▸ **Your goal**
Using the listing below, output only the lines from the one that contains "Little Genie Dirty" through the one that contains "H41-1 Chanel giày thể thao siêu cấp", inclusive, exactly as given and without images.

▸ **Supplied material**
┄┄┄┄┄┄

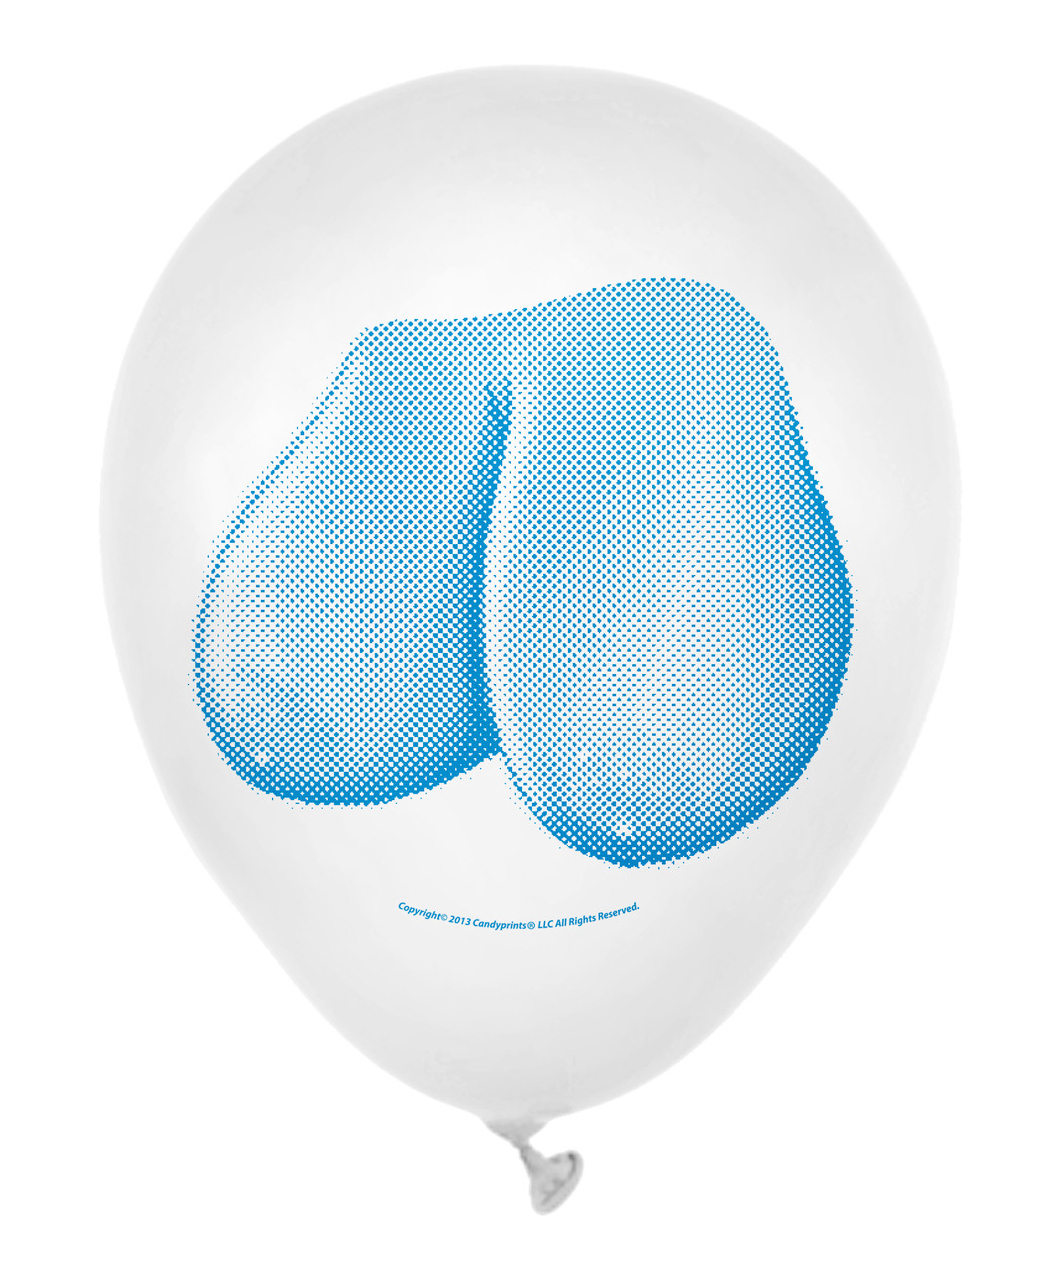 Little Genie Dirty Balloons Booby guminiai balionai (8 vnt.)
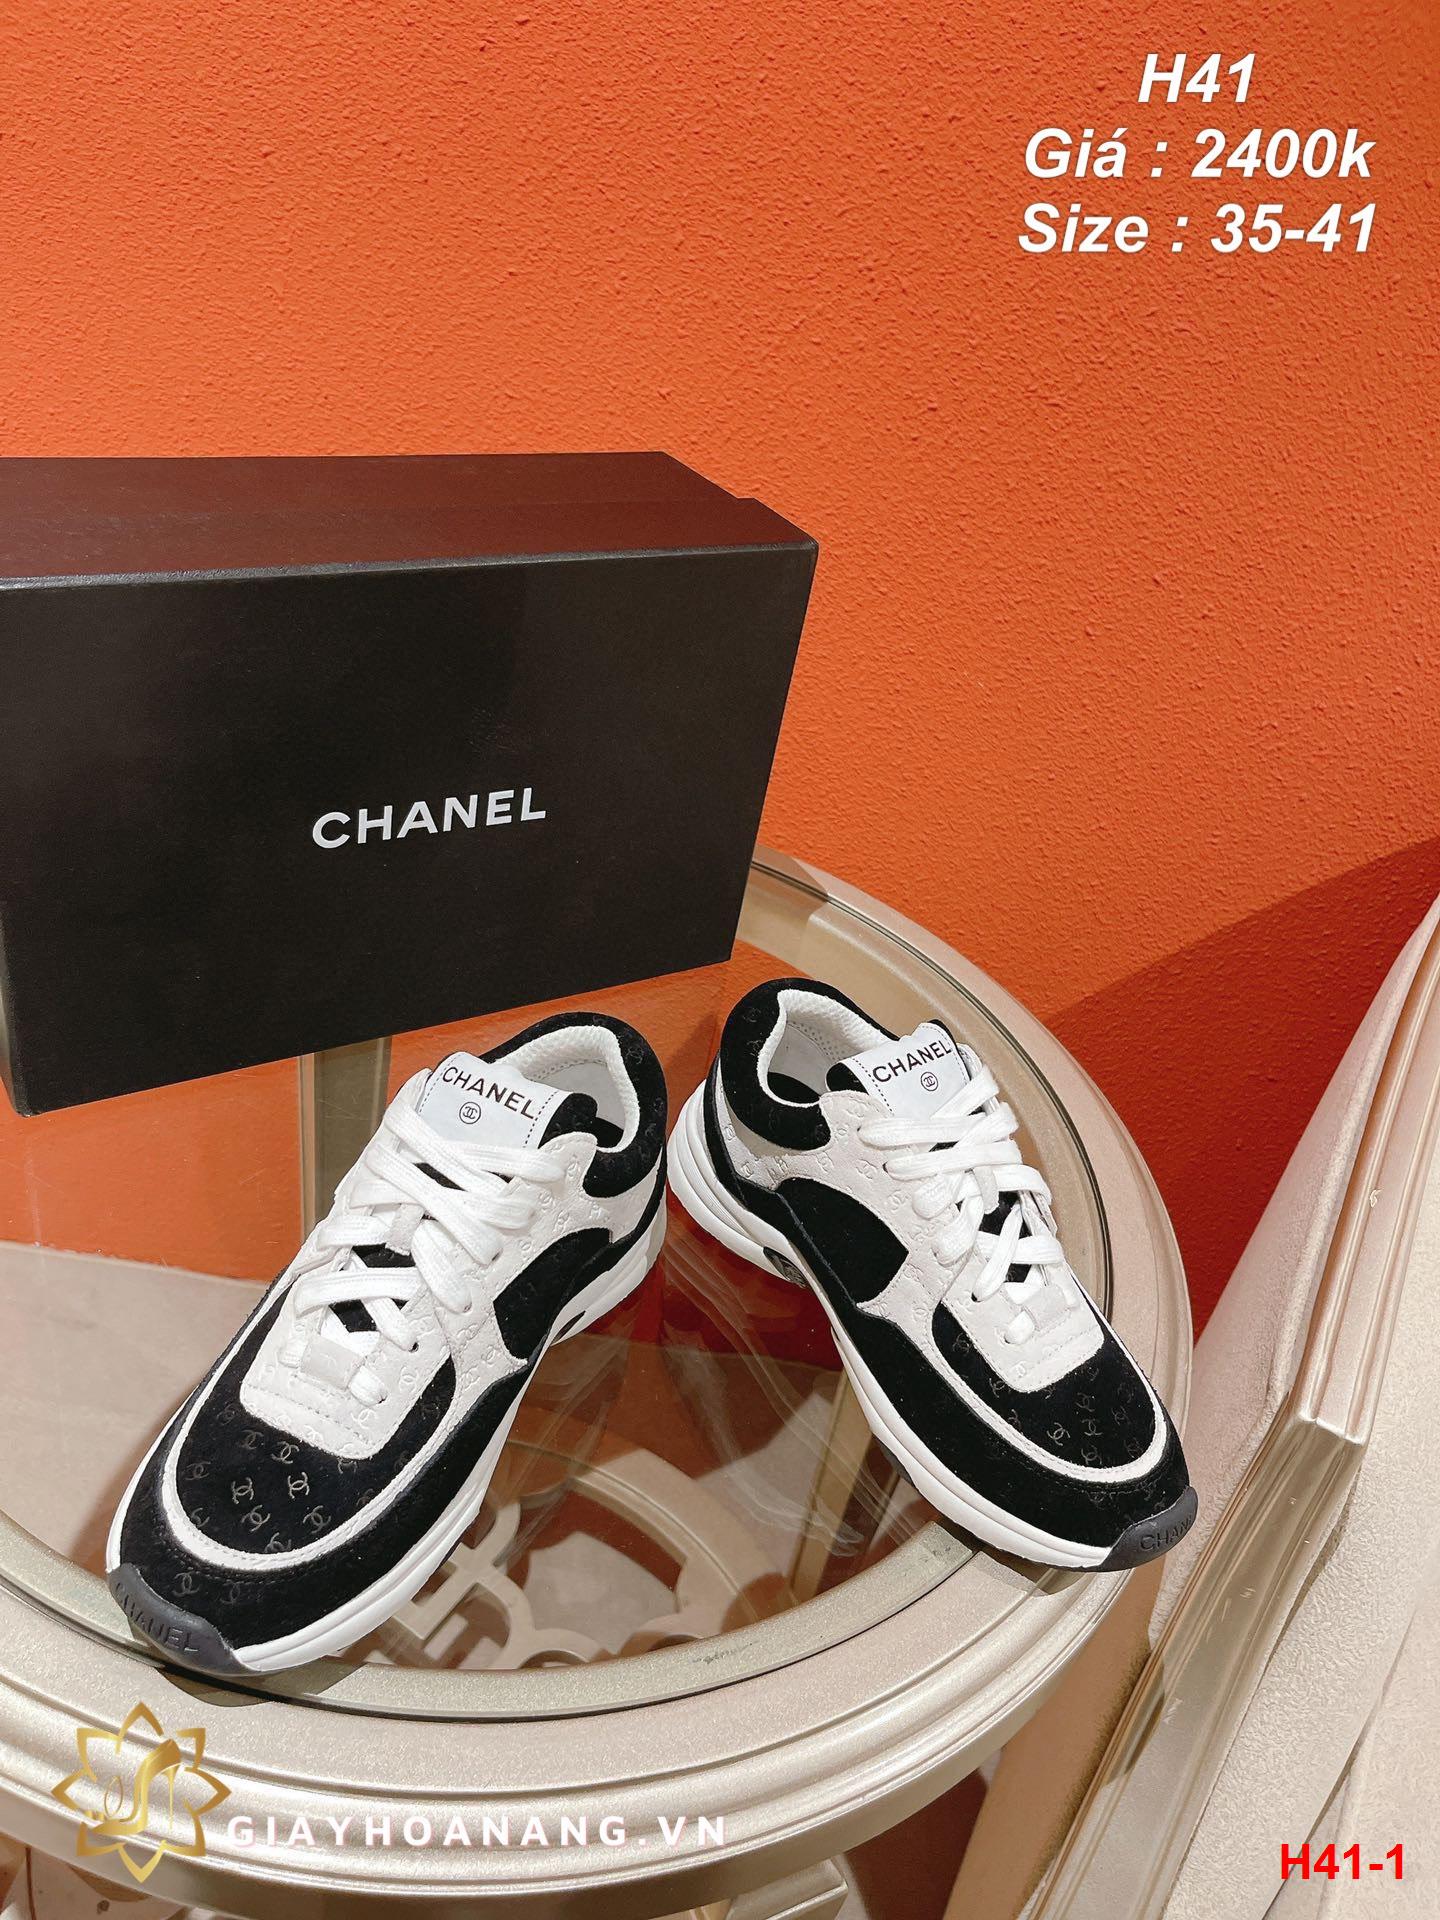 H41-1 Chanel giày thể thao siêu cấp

┄┄┄┄┄┄

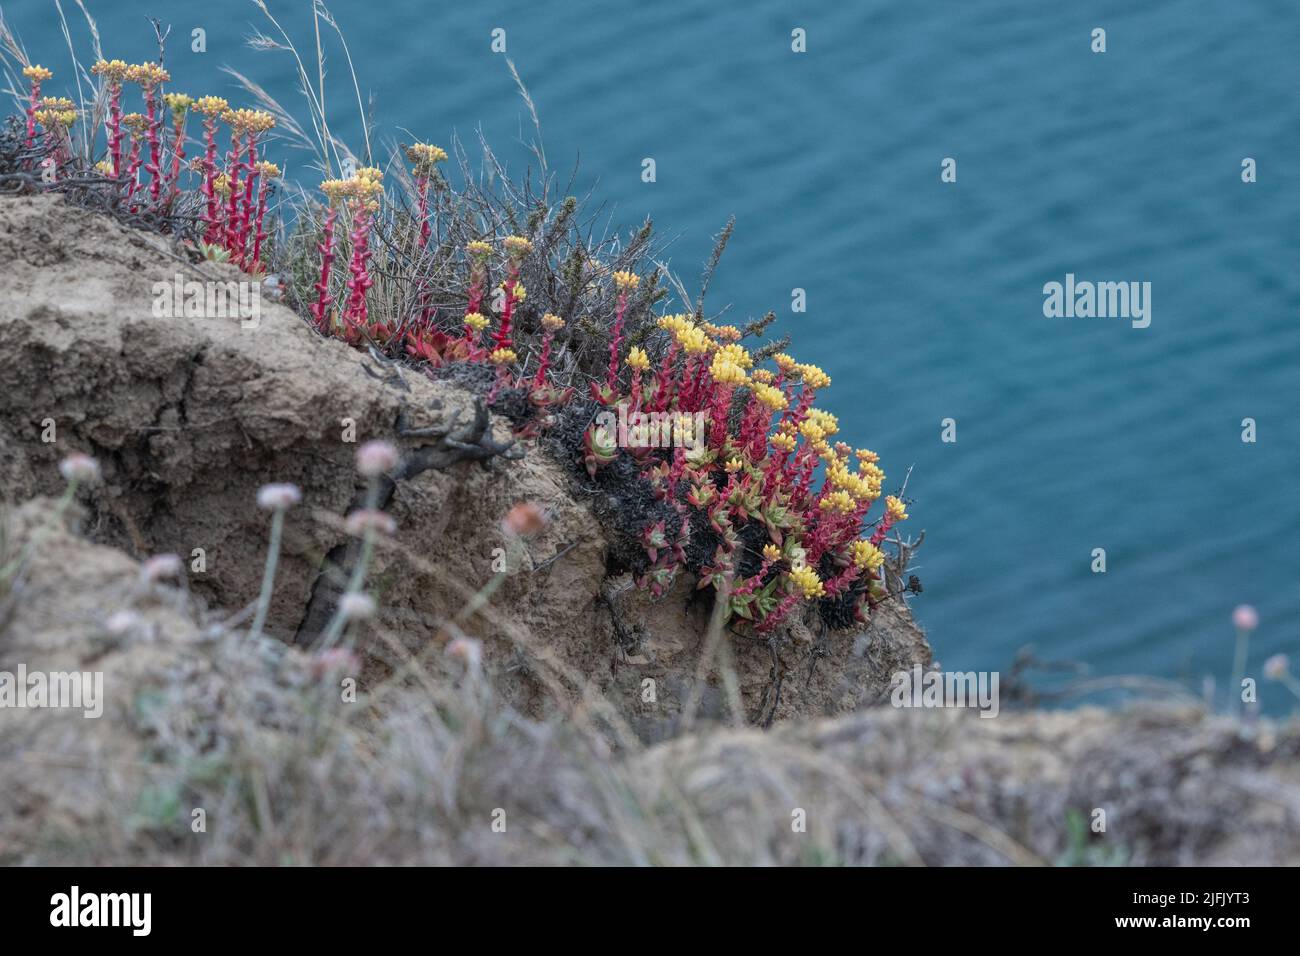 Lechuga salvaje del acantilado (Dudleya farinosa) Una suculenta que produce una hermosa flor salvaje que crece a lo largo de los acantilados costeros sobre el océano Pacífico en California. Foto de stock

┄┄┄┄┄┄

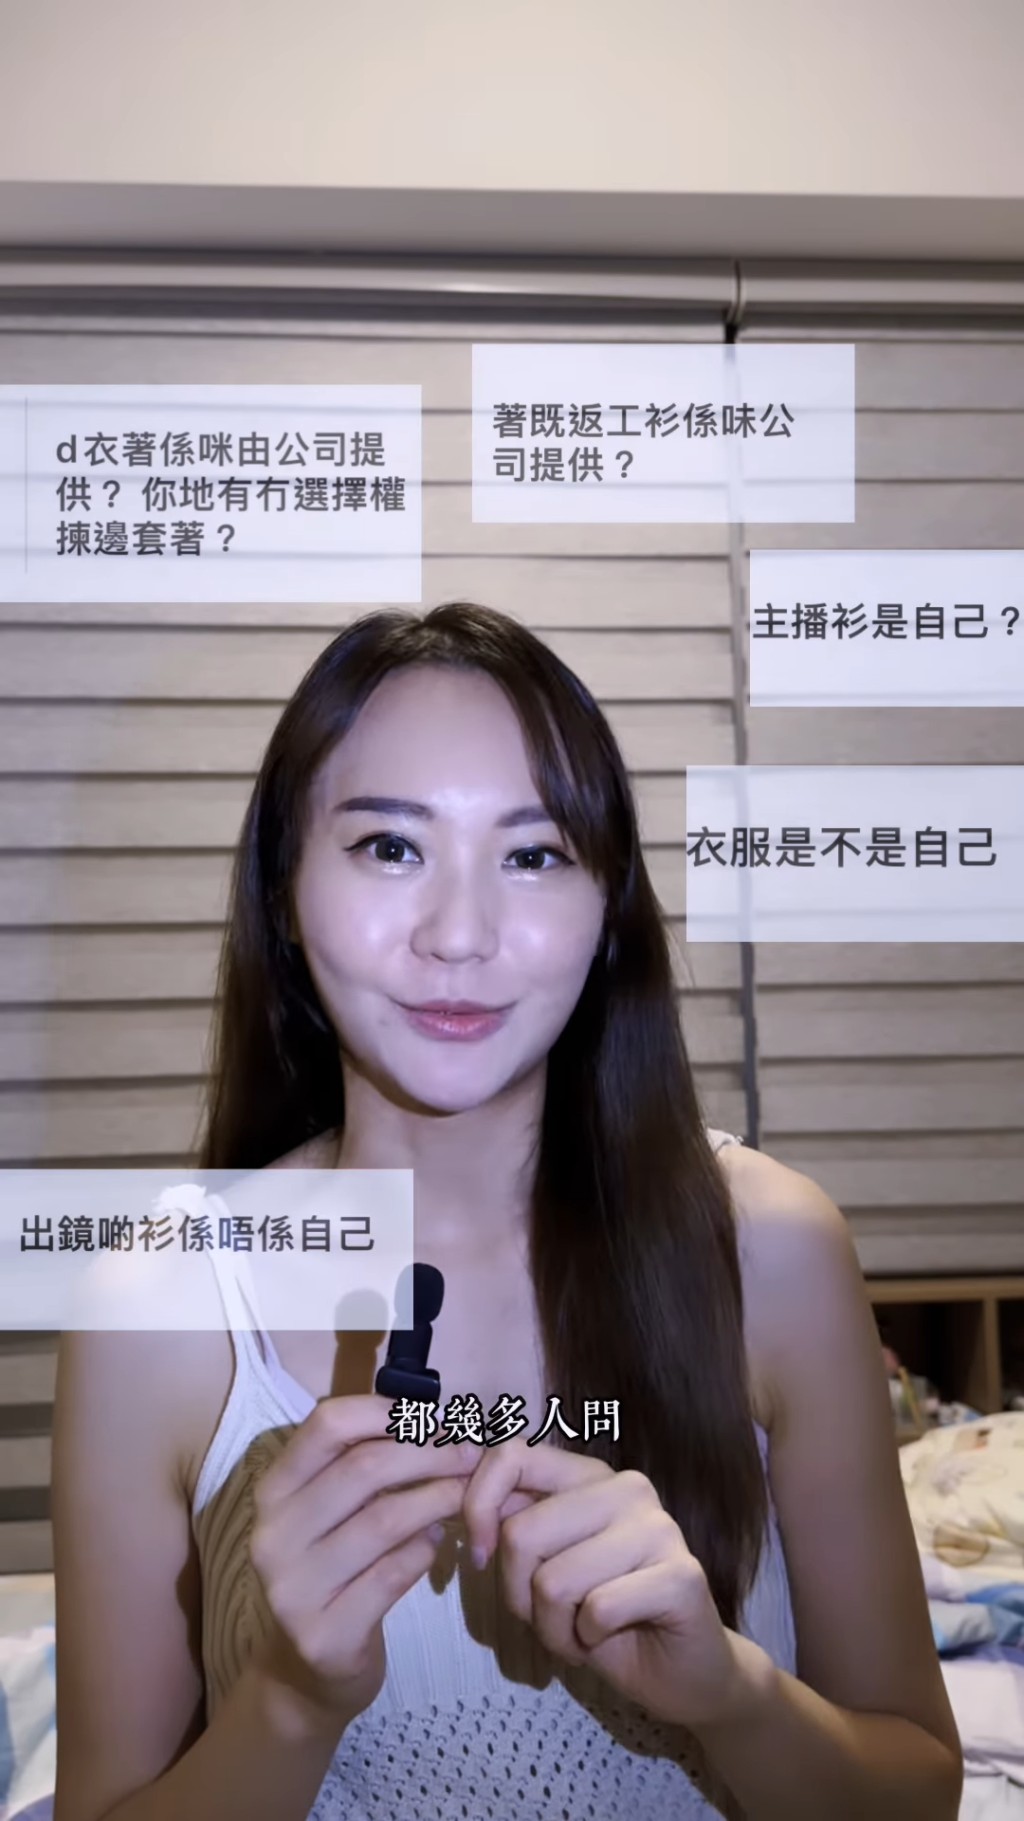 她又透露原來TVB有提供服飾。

┄┄┄┄┄┄

▸ **Solution to the exercise**
 Little Genie Dirty Balloons Booby guminiai balionai (8 vnt.)
 H41-1 Chanel giày thể thao siêu cấp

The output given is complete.